It’s happened to all of us. You finally found a great deal on a gift for your significant other, and pulled the trigger. The package is on its way from Amazon, Wish, or some other retailer. You open another browser window to check the news, and are surprised to see advertisements for the exact same object you just purchased flooding the screen. As you’ve already purchased the gift, you rightfully ignore these advertisements and go on with your day, slightly miffed at the obliviousness of advertisers.
If you run an online marketplace, there’s a good chance this is happening to you regularly. Ad relevancy is a powerful tool when used properly, presenting users with options similar to items that they have already purchased. The intent is to encourage a click by advertising items the user has already expressed interest in, either through a click on an ad or a purchase on a website. However, the efficacy of this approach changes once the user has actually completed the purchase. In this post we’ll take a brief look at ad relevancy. We’ll explore some of the pitfalls of using relevancy naively, and discuss how we can improve relevancy – and click-through rates – with a slight shift of focus.
Stating the Problem
If you are running an online marketplace, you are very likely participating in a number of ad networks spread around the web. These ads, if properly implemented, should be driving clicks on your products that result in higher traffic on your marketplace – and accordingly, higher sales. The key to success of an ad campaign in this style is to present potentially relevant items to the end user, encouraging them to make a purchase based on items they’ve already expressed an interest in.
The most common approach here – what we’ll call the “naive” approach – is to present the user with products similar to those they have already purchased. If a user has purchased a red dress, for example, then it makes sense to conclude that they are interested in purchasing more dresses from online marketplaces. The user continues to browse the web and, in accordance with the above, they promptly see advertisements for red dresses in a similar style, blue dresses, green dresses, and other similar big-ticket items that they’ve already demonstrated a willingness to purchase. All is well in the world. Well, except for your click-through rates.
The Problem With the Naive Approach
The problem with the naive approach above rests in a faulty assumption. The base assumption is that if a user has purchased one item, they are likely to be interested in – and purchase – similar items. Someone who purchases a red dress may also be interested in another red dress, or may be interested in a blue dress with a similar neckline. While this approach seems logical at a glance, it ignores user behavior.
Put yourself in the shoes of a user shopping for a red dress. The user likely already has a closet full of other clothes, and is purchasing the dress to bolster their existing collection. While it is likely that they may purchase additional dresses in the future, odds are that they’re not interested in purchasing a big ticket item like a dress in bulk. This is a difference between the act of shopping, where you want to be presented with a range of similar options so you can make a decision, and the act of buying, which is driven by the underlying purpose that drove you to shopping online in the first place. The naive approach above optimizes for the action of shopping, but ignores that most of these ads are not being seen on your marketplace – in fact, once the user has clicked through to your marketplace, they no longer need to have the related products shown to them as ads. They’ve expressed an interest in purchasing this item from you, which means they’ve necessarily shifted their mindset from ‘purchase” to “buy”.
Improving Clickthrough Metrics
Once the user swaps their mindset from “purchase” to “buy”, the naive approach to advertising above immediately loses its efficacy. The user has just bought a red dress – there is not much of a chance they need two red dresses. The key here is to recognize that the switch from a “purchase” mindset to a “buy” mindset changes the desires of the shopper. They’ve completed their primary goal – buy a red dress – and have moved on to the original driving goal of building a wardrobe that includes a red dress.

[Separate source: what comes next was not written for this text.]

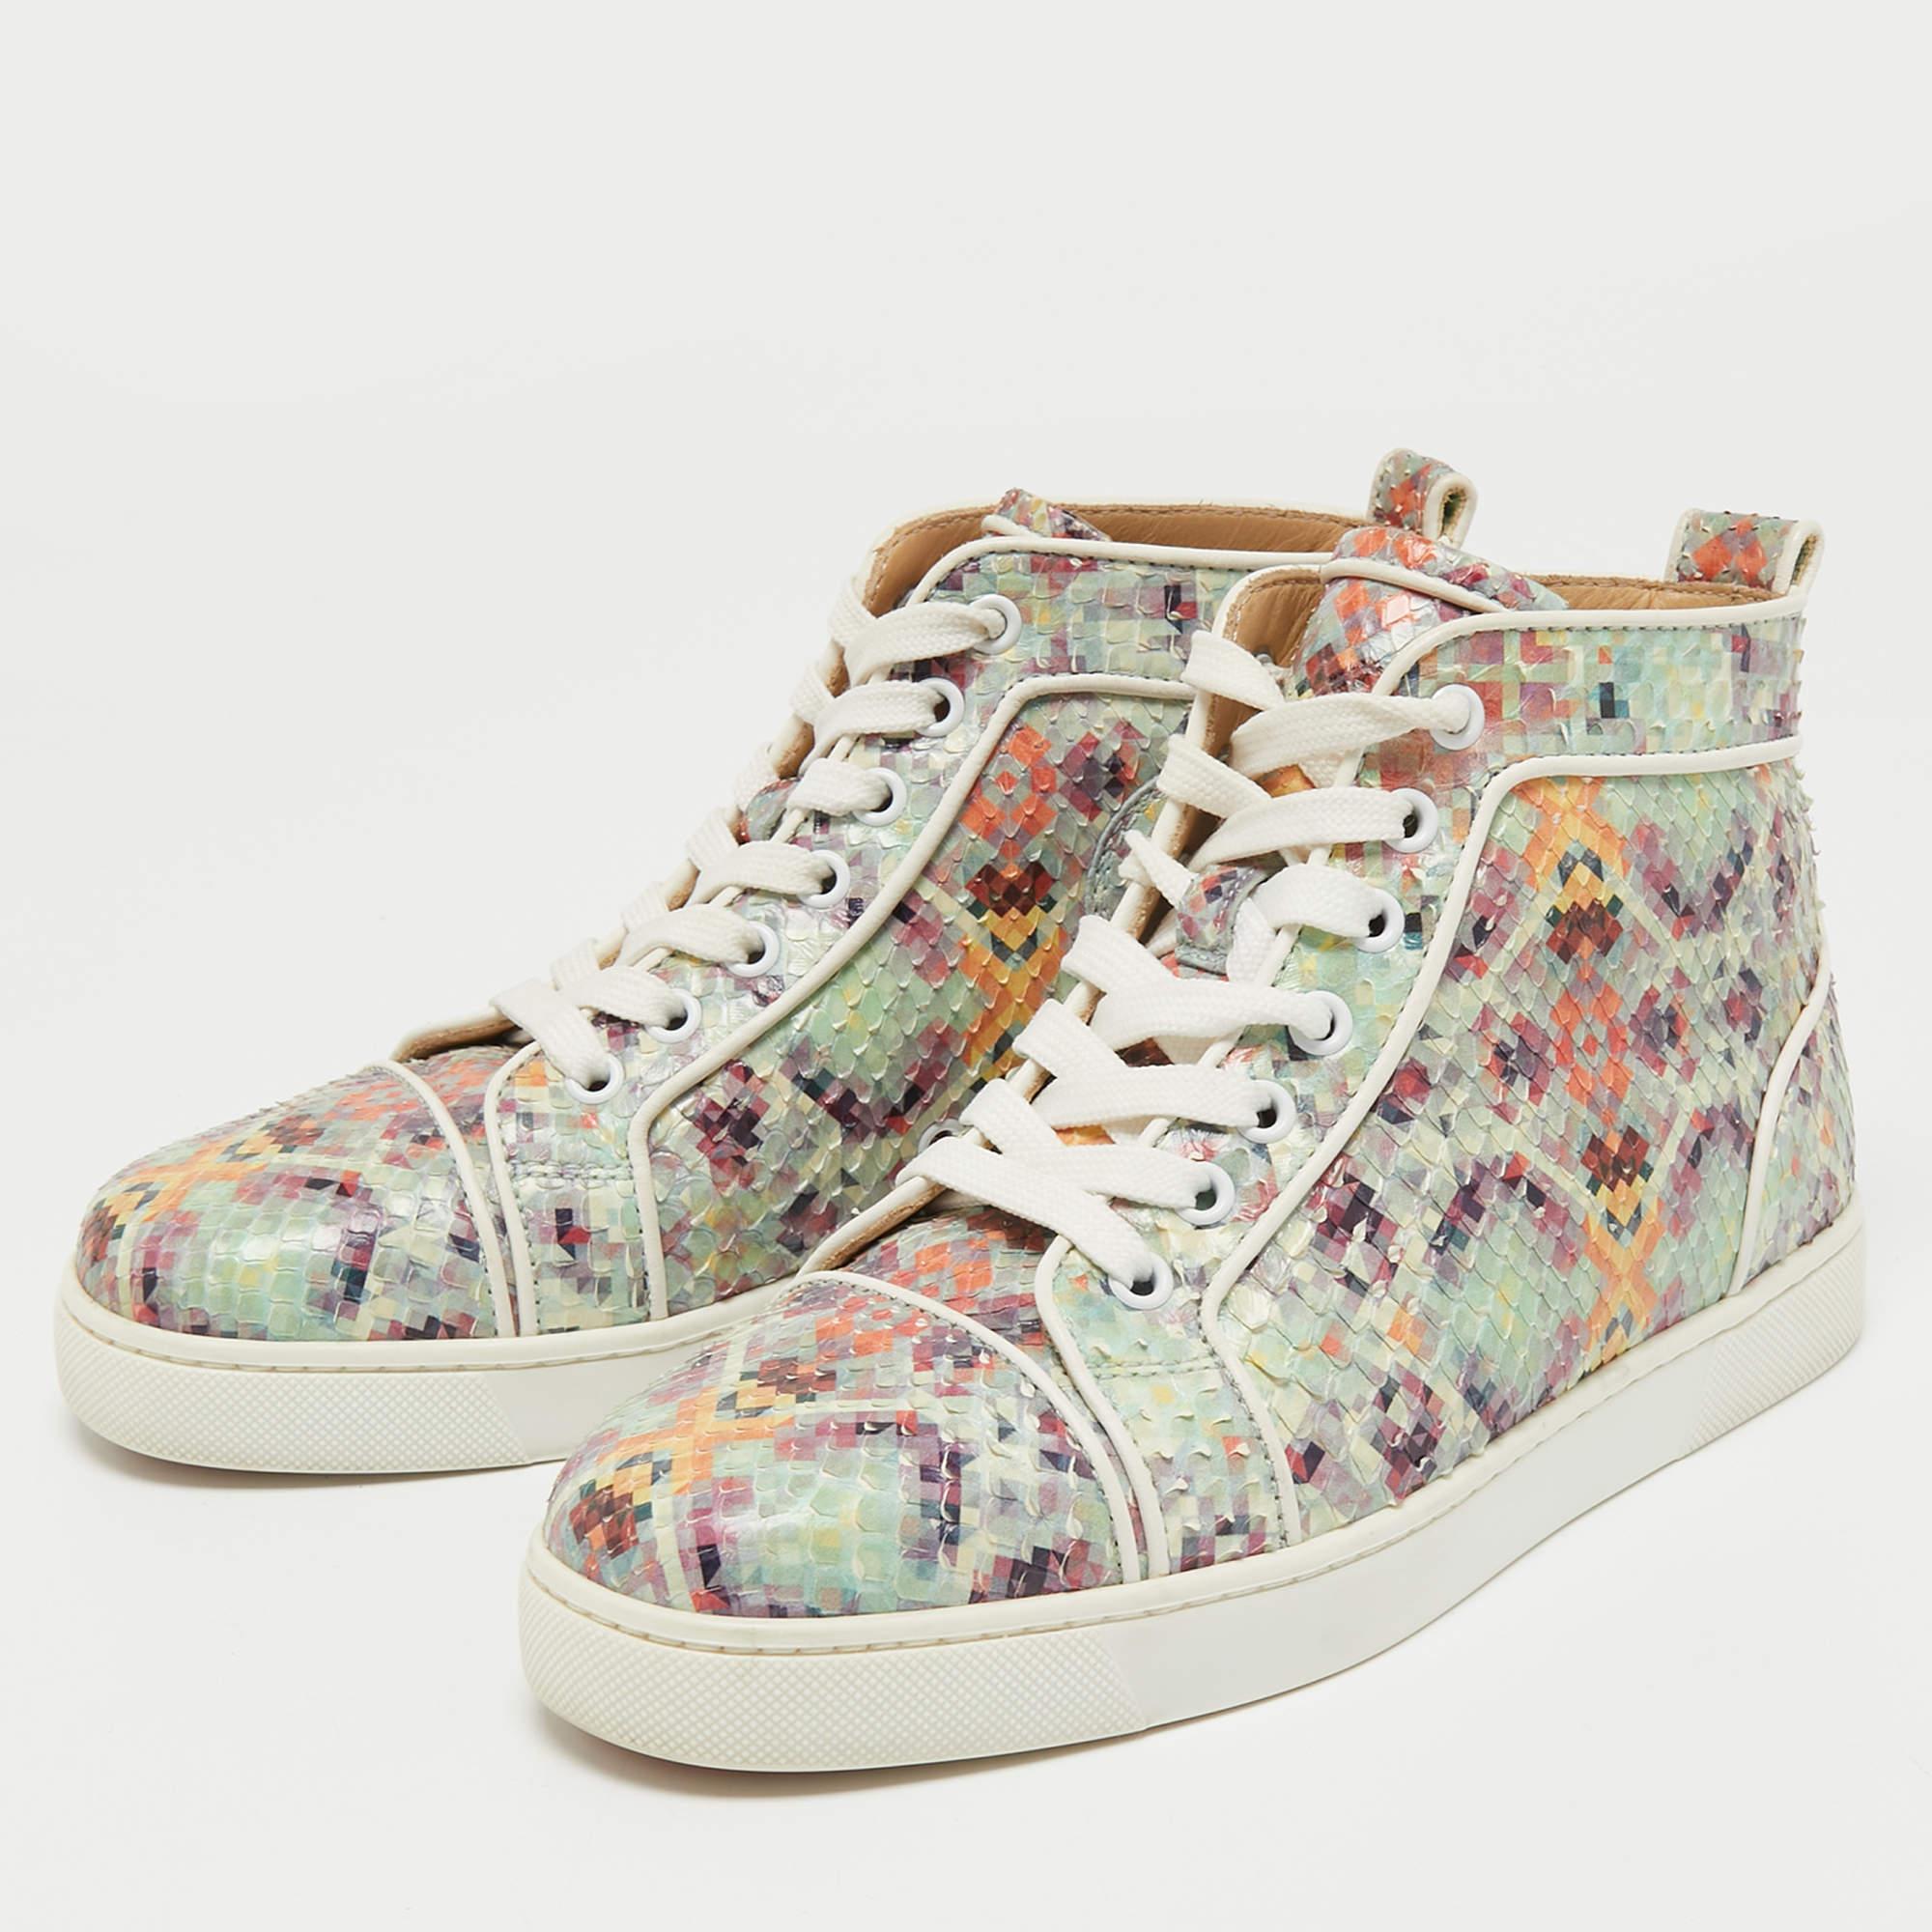 Beige Christian Louboutin Printed Python Louis Orlato High Top Sneakers Size 37 For Sale

To get around this misunderstanding, you’ll need to expand your definition of related products. A user who has bought a red dress likely doesn’t want another red dress. However, they probably are very interested in a red handbag, red shoes, or any other item that would be fashionable with their new garment. Bolstering this is the place where the user is actually seeing your advertisements. Once they’ve purchased an item from you, they’ve probably already left your website to continue their day. This means they’re seeing your “relevant” ads on other websites, either browsing the news, searching the web for additional products, or while checking in with friends and family. By changing the ads at this point to show items related to the red dress, you can once again capture their attention and drive them back to your marketplace.
Simply put, once a sale has been made advertising that shows similar items to the user loses all efficacy. The user has made their purchase, and moved on to other things. If you want to capture that user’s attention, you’ll want to present the user with items related to their purchase, but not similar. Presenting someone who has purchased a red dress with more red dresses will not be effective. However, presenting that same user with shoes, handbags, earrings, and other related items is far more likely to result in the additional click. By focusing on user behavior, and the factors driving their purchase decision, you can revolutionize your advertising and improve clickthrough rates, providing ads that are more relevant to the user and more beneficial to your bottom line.